Lokasi Kuil Tangan Kiri

Candi Kidal terletak 20 kilometer sebelah timur kota Malang, di Desa Rejokidal, Kecamatan Tumpangsari, Kabupaten Malang, Provinsi Jawa Timur. Didirikan pada tahun 1248, bertepatan dengan tahun kedua belas setelah pemakaman raja kedua Singasari, Anusapati, yang telah meninggal dunia. Candi Kidal dipugar pada tahun 1990 dan akses menuju candi ini telah diperbaiki sehingga anda dapat mencapai candi ini dengan mudah.

Di sekitar candi sebelah kiri masih banyak terdapat pohon-pohon besar dan rindang, serta di sekitar candi juga terdapat taman yang terawat. Selain itu, di sekitar pura ini juga terdapat rumah penduduk yang tinggal di desa sekitar. Karena Candi Kidal terletak di pedalaman, maka candi ini tidak sepopuler Candi Singosari, Candi Jago, atau Candi Jawi. Dan candi ini juga tidak banyak dikomentari oleh tokoh sejarah maupun katalog wisata. Karena candi ini tidak memiliki terlalu banyak fasilitas dari pemerintah.

Sejarah Kuil Tangan Kiri Menurut Alkitab

Sejarah Candi Kidal juga tak lepas dari kematian dan pengabdian Anusapati kepada kerajaan Singasari. Hal ini juga tercantum dalam Kitab Pararaton dan juga Kitab Negarakertagama.

1. Dari Kitab Nagara Kertagama

Kitab Negarakertagama adalah kitab karya Bapak Prapanca yang ditulis pada tahun 1365 Masehi.

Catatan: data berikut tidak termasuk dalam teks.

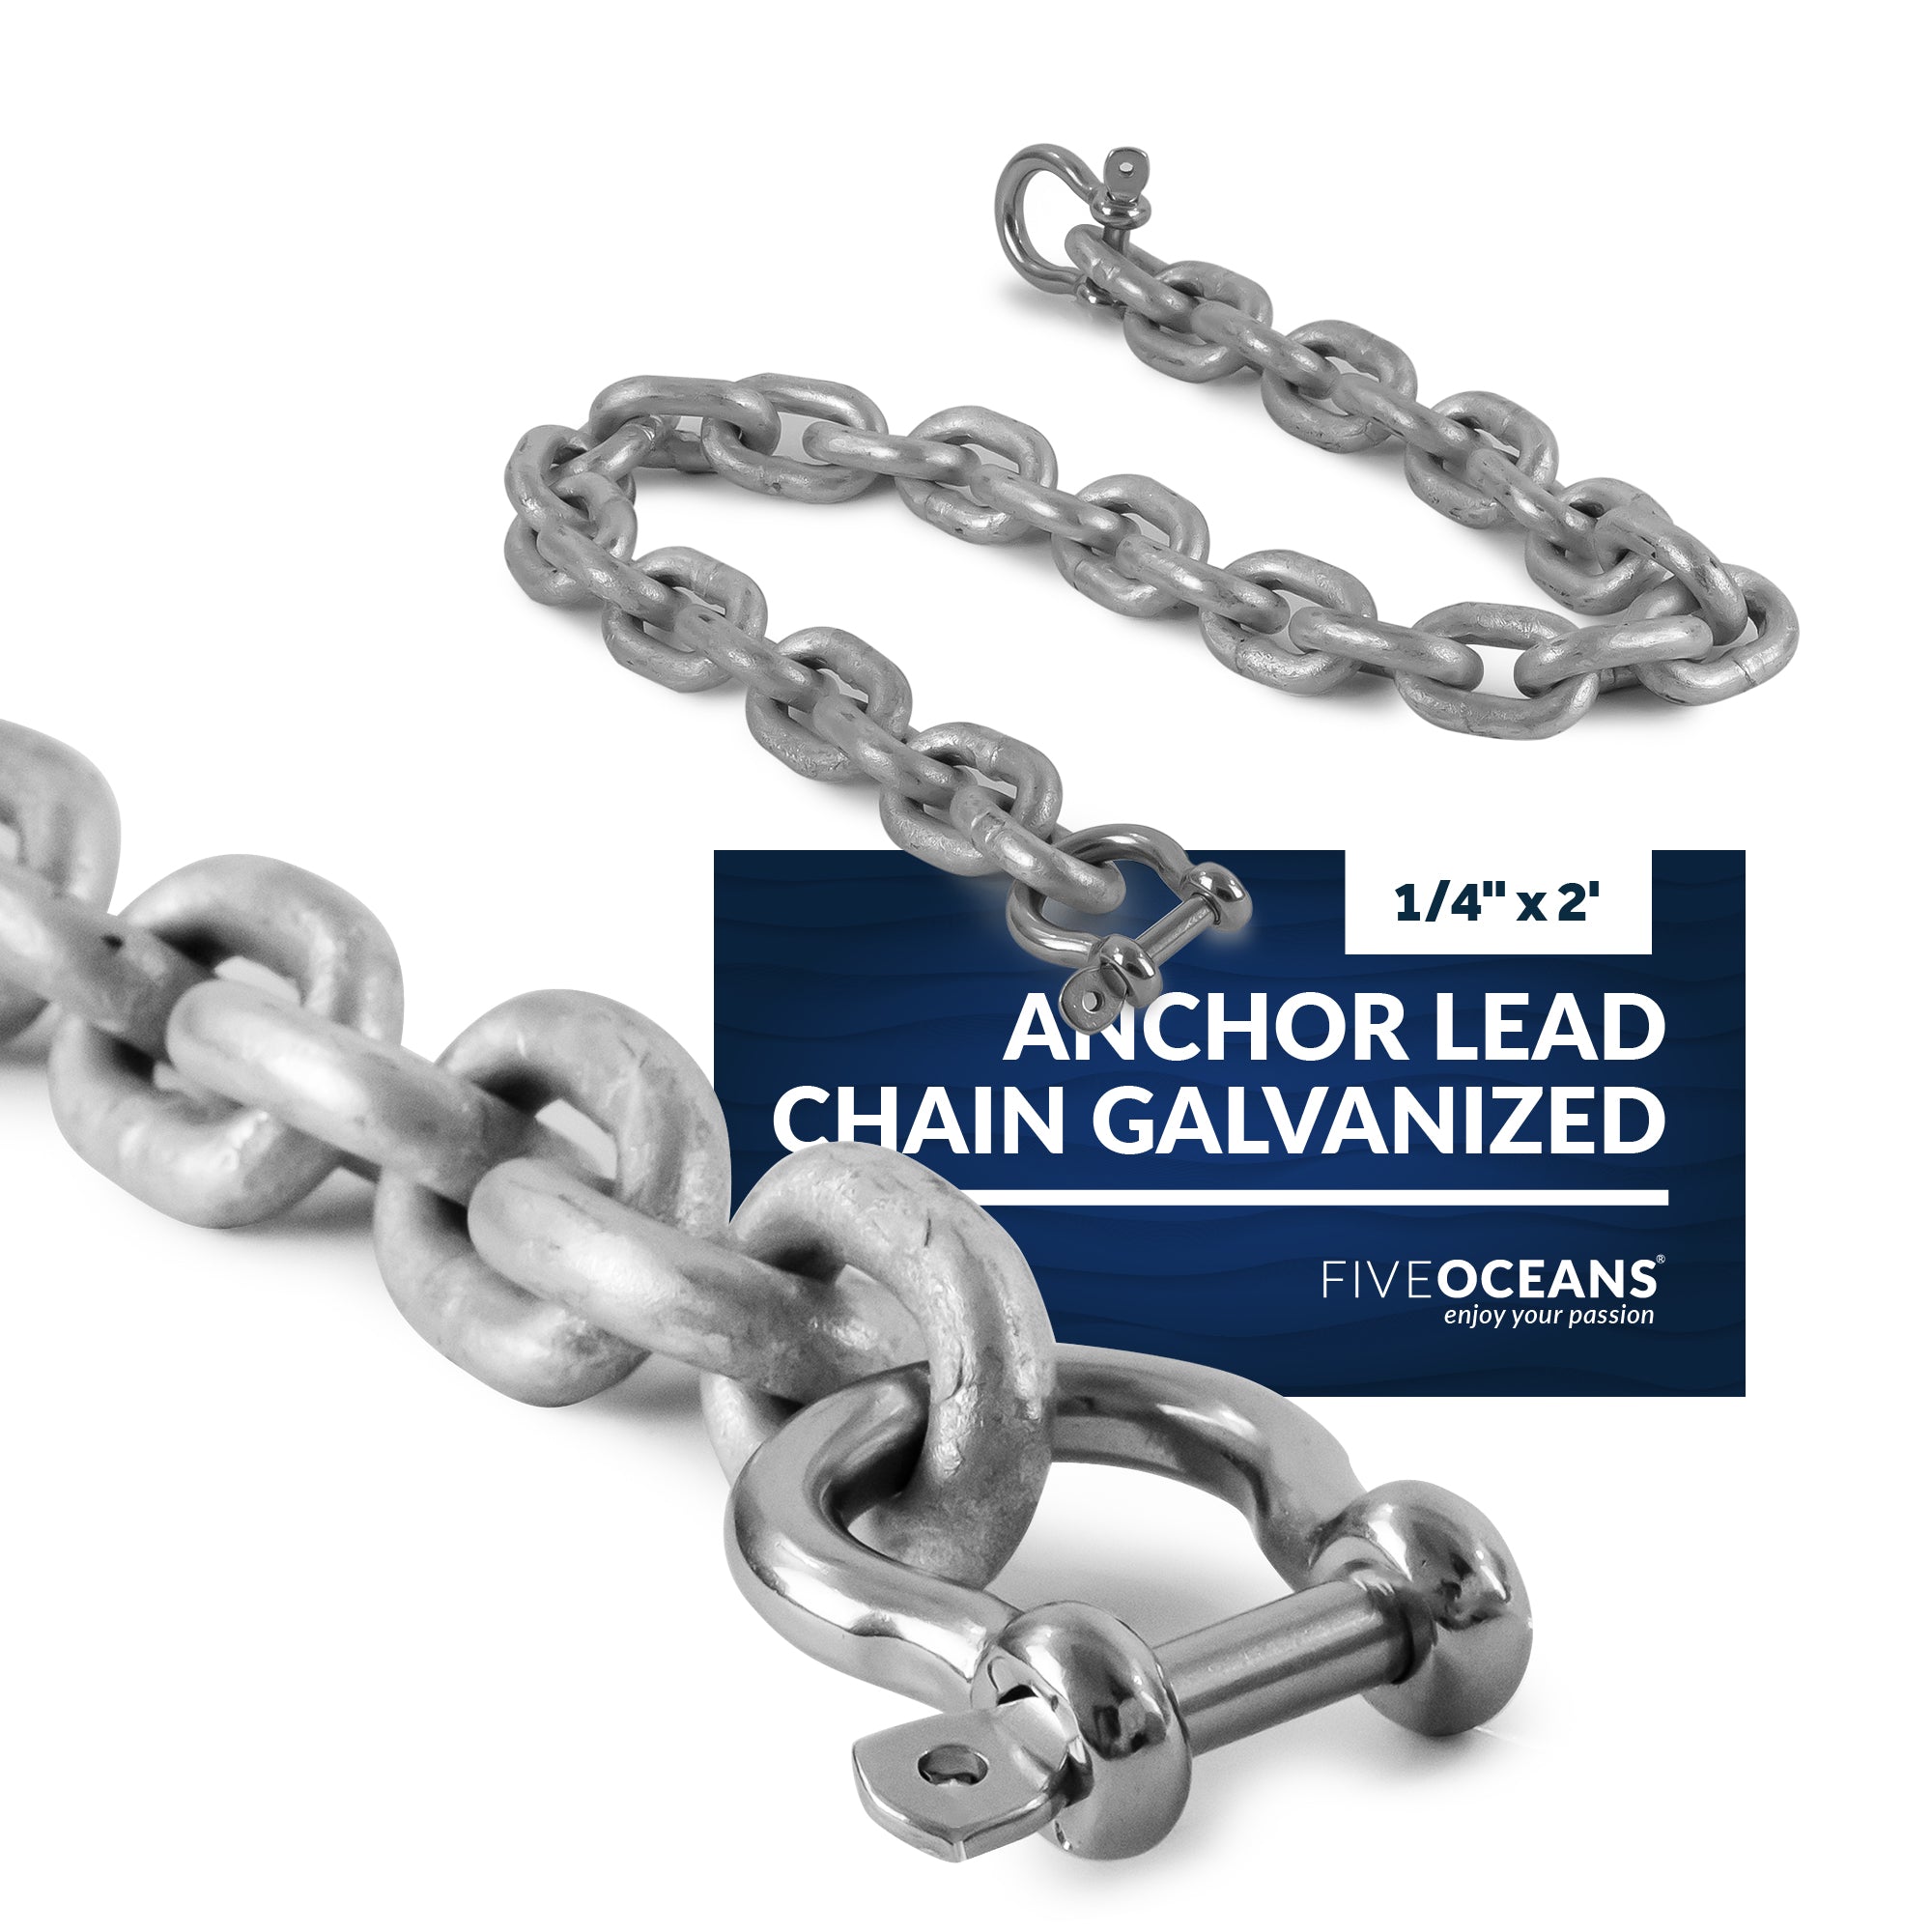 Anchor Lead Chain 1/4" x 2', HTG4 Galvanized Steel - FO4489-G2

Dimana kitab ini ditulis pada masa kejayaan Majapahit. Dalam kitab Negarakertagama, Anusapati adalah putra Ranggah Rajasa Sang Girinathaputra, pendiri kerajaan Tumapel/Singasari. Anusapati diangkat menjadi raja menggantikan ayahnya pada tahun 1227. Pada masa pemerintahan Anusapati, Kerajaan Singasari diliputi kemakmuran dan ketenangan di bawah pemerintahannya, hingga Anusapati meninggal pada tahun 1248 dan digantikan oleh putranya Wisnuwardhana. Untuk menghormati ayahnya, Wisnuwardhana membangun Candi Kidal di mana Anusapati disembah sebagai dewa Siwa.

2. Dari Kitab Pararaton

Kitab Pararaton ditulis sekitar tahun 1481 sampai tahun 1600, dimana disebutkan bahwa Anusapati adalah anak dari seorang akuwu di Tumapel yaitu Tunggul Ametung dan Ken Dedes, hingga akhirnya Tunggul Ametung dibunuh oleh Ken Arok, saat Anusapati masih di Ken. Rahim Dedes. Kemudian Ken Arok menikah dengan Ken Dedes yang telah ditinggal suaminya, dan secara tidak langsung menjadi ayah angkat Anusapati.

Ken Arok kemudian mengumumkan Tumapel sebagai kerajaan pada tahun 1222 dan bergelar Ranggah Rajasa Sang Girinathaputra. Bahkan Kerajaan Tumapel berhasil menghancurkan Kerajaan Kediri yang merupakan Kerajaan besar pada saat itu. Anusapati merasa diperlakukan tidak adil oleh Ken Arok, maka dia bertanya kepada ibunya, sampai Anusapati mengetahui bahwa dia bukan anak kandung Ken Arok, dan sebenarnya Ken Arok yang membunuh ayah Anusapati. Anusapati pun merasa marah, hingga akhirnya Anusapati berhasil mendapatkan keris Guru Gandring yang digunakan Ken Arok untuk membunuh ayahnya. Anusapati tidak menggunakan tangannya sendiri untuk membunuh Ken Arok, dia memerintahkan asistennya untuk membunuh Ken Arok pada jamuan makan malam kerajaan.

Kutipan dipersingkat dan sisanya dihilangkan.